Five great reads (4/24/2025)
Five sharp takes: GTM hustle, AI-era quality, platform power, metric myths, and OKRs that actually guide work.
Engineering Success in a Technical Startup (Gil Dibner)
Why deeply technical founders stall at $10 M ARR: most are “sleepwalkers” who underestimate GTM. Dibner maps the journey from sleepwalker → humble learner → all-rounder and says the unlock is a top-1 % sales-DNA transfusion. Treat GTM as just another engineering problem—then iterate, hire, and measure until it hums. (link)
The AI Quality Coup (Julie Zhuo)
AI is now table-stakes; when anyone can spin up a “Ghibli-fied” selfie, quality shifts to what’s still rare—story, craft, proprietary feedback loops, and first-mover use cases. Zhuo argues that teams who treat AI like oxygen—but chase freshness, not imitation—will keep the edge. A reminder that in 2025, differentiation starts after the model. (link)

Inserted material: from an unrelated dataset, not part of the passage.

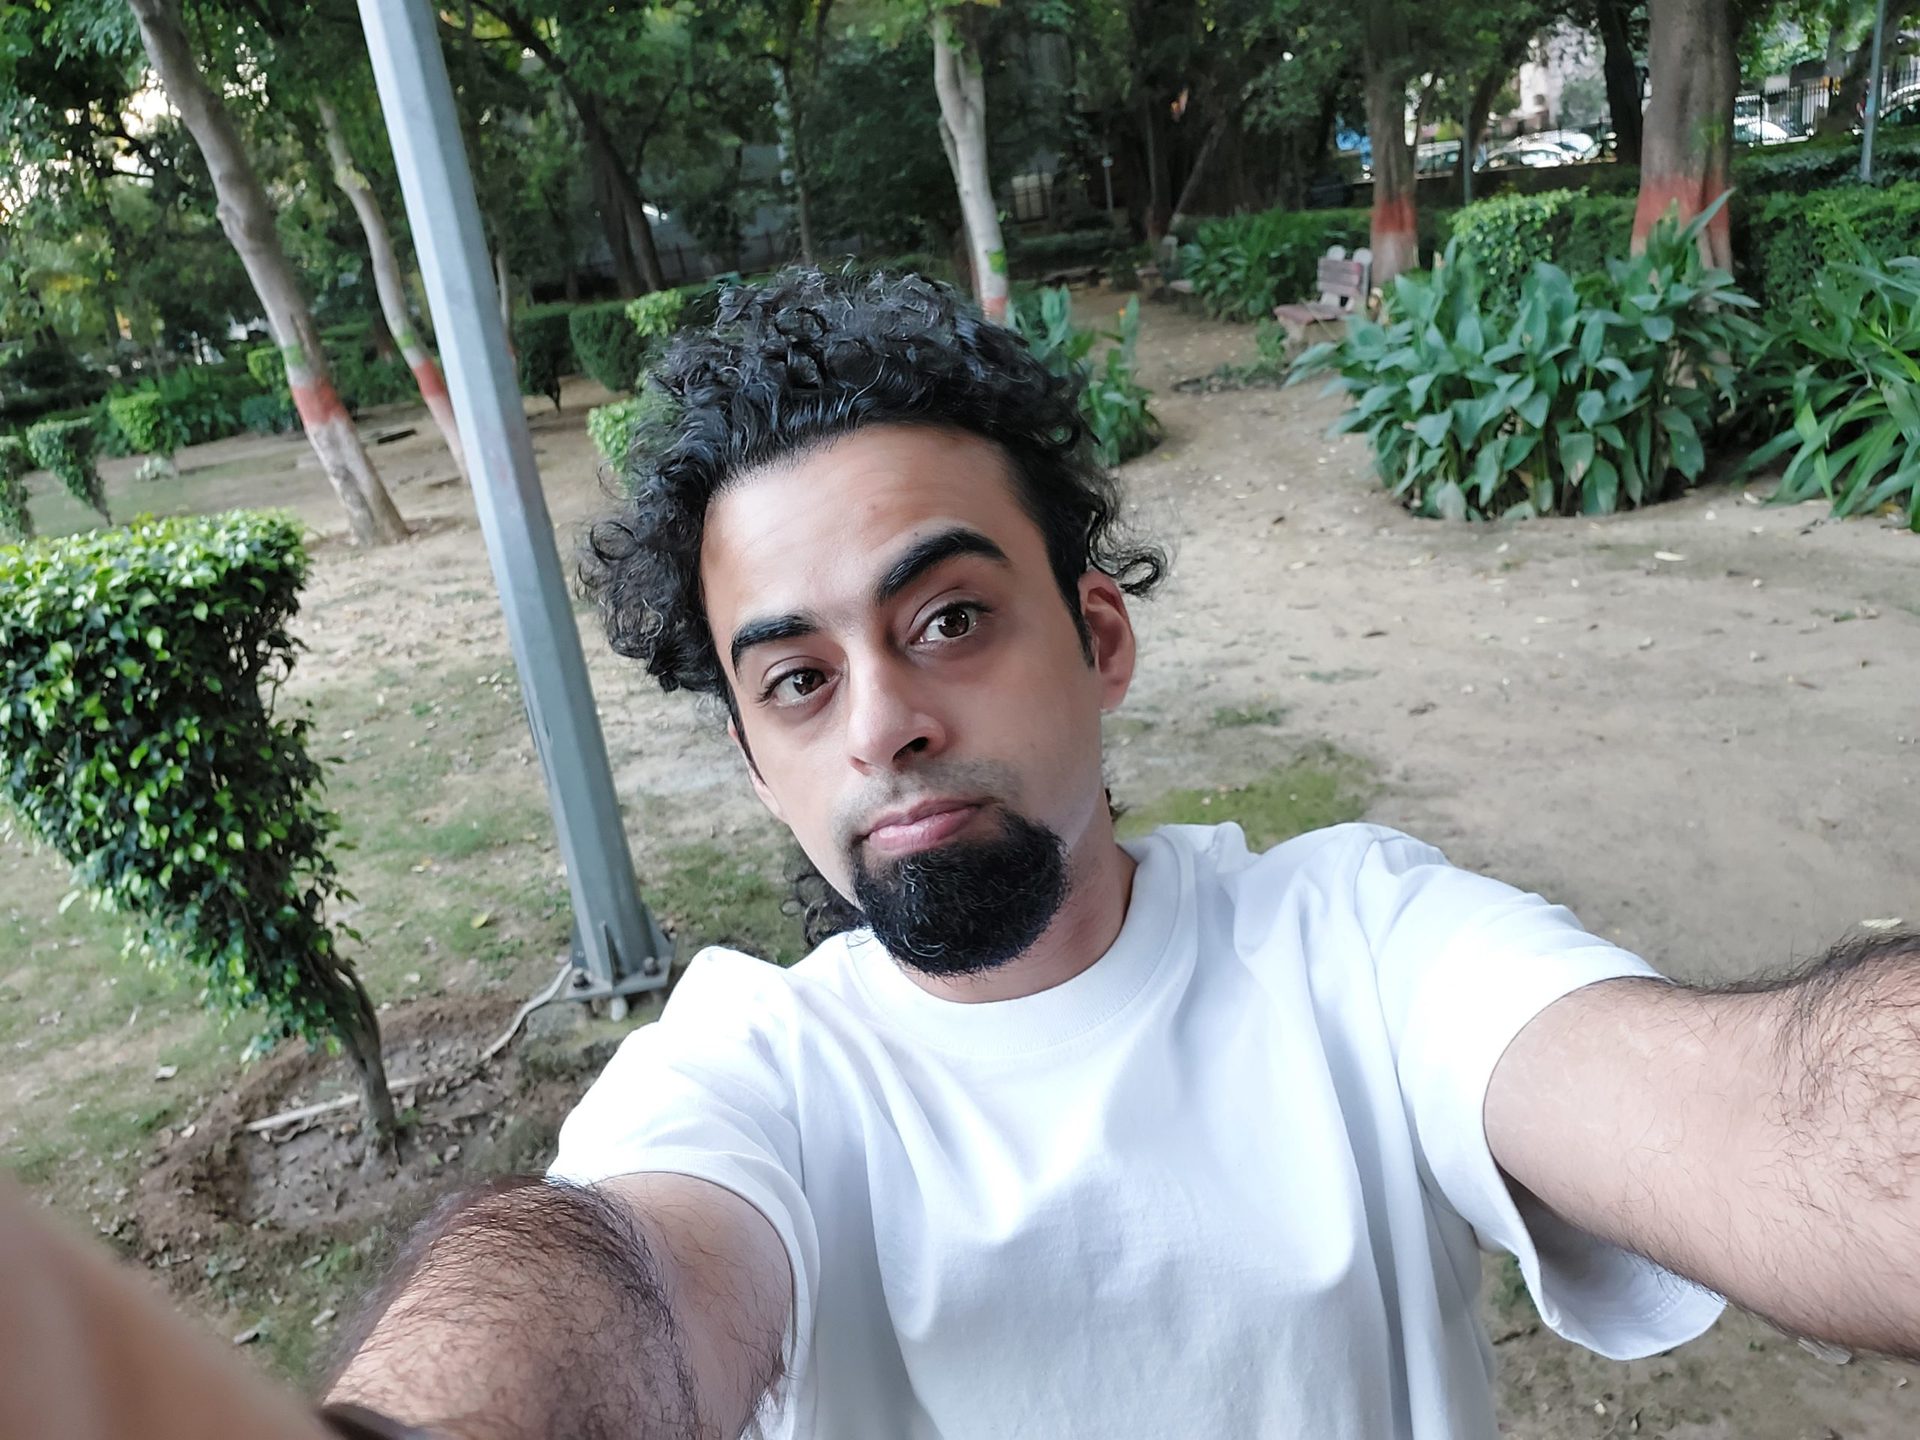 Samsung Galaxy M52 camera sample selfie ultra wide of a man with dark curly hair and a beard wearing a white t-shirt outdoors

Demystifying Platform Product Management (Ibrahim Bashir & Waqas Sheikh)
Platform PMs rarely get the spotlight, yet every technical product runs on the plumbing they design. Bashir and Sheikh unpack the role—capabilities, experience, extensibility, economics—and explain why platform PMs must balance portfolio trade-offs, speak both code and commerce, and mediate org-wide priorities. In an AI-everywhere world, their behind-the-scenes craft is as critical as any outward-facing roadmap. (link)
Your Product Team Doesn’t Need a “North Star Metric” (Ravi Mehta)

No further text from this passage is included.